— Ваша светлость! Я не виновата!
— Да что случилось? — начал я сердиться.
— Иномирянка! Она исчезла. Я по вашему приказу оставила её в гостевых покоях. Вернулась, чтобы отвести к лекарю на осмотр, а комнаты пусты! Не могла же она улететь?
— Разумеется, не могла! Иди, Грита. Я разберусь.
А надо ли разбираться? Сбежала и ладно! А может, умыкнул кто! Мало ли, вдруг кому-то из князей не хватило иномирянки, прилетел, выкрал. Абсурд, конечно!

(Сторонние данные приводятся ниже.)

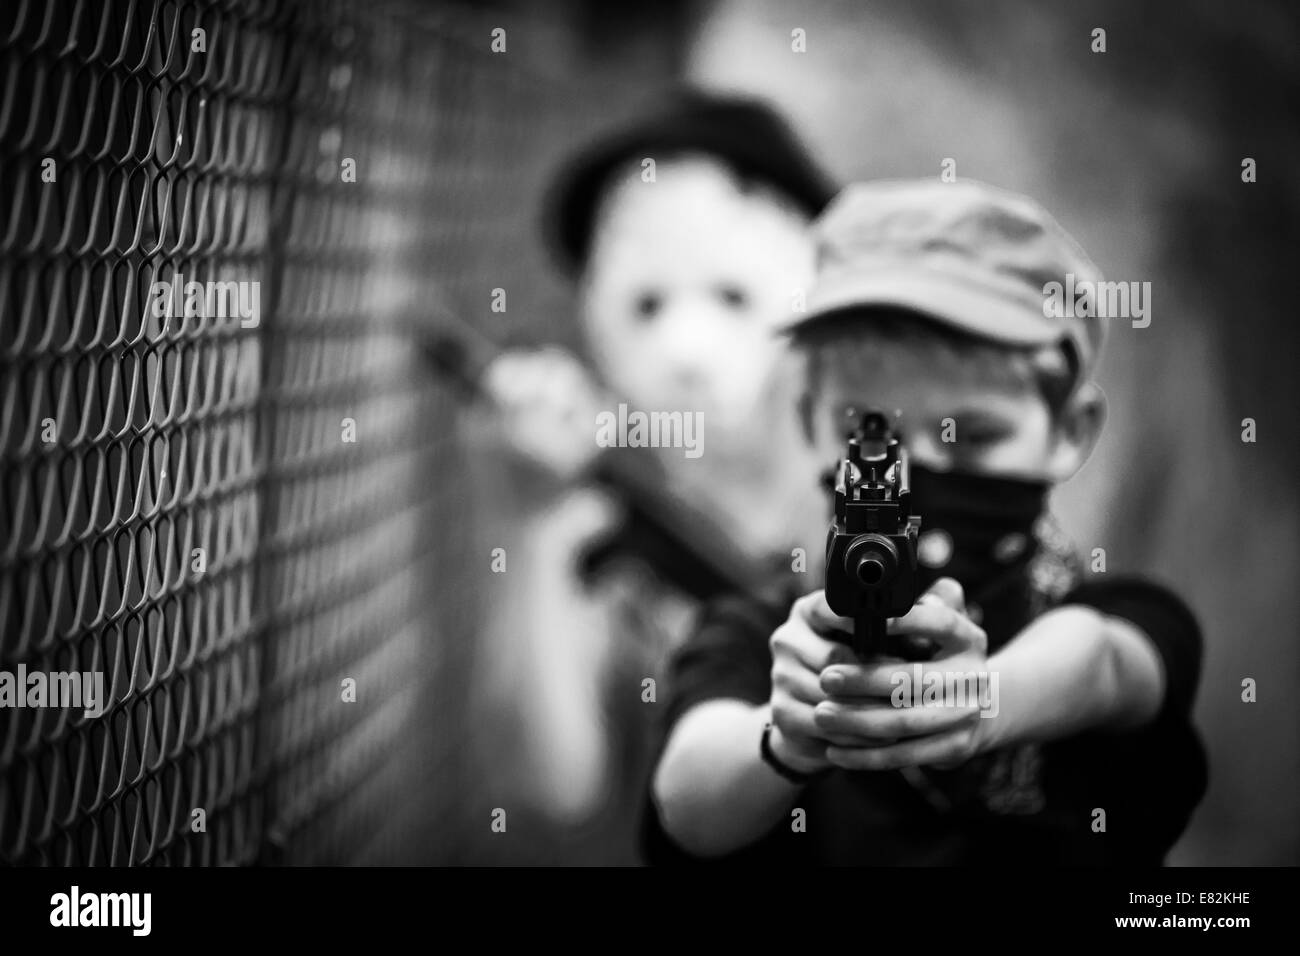 Ragazzo mascherato mirando con pistola giocattolo Foto Stock

Проверять слова прислуги не торопился, сбежавшая из дому сестра беспокоила меня куда больше навязанной королевой участницы отбора. Зашёл в покои Руфины, предполагая, что она оставила послание для меня в уголке для занятий. Огонёчек любила читать, сидя около распахнутой двери на балкон. Подойдя к столу, поймал себя на необычном ощущении. Словно рядом кто-то дышал, стараясь не сопеть. Получалось у него плохо. Я взял в руки листок, исписанный аккуратным почерком сестры и, громко прокашлявшись, спросил:
— И что вы тут делаете, Тая?
Иномираняка с виноватым видом показалась из-за ширмы.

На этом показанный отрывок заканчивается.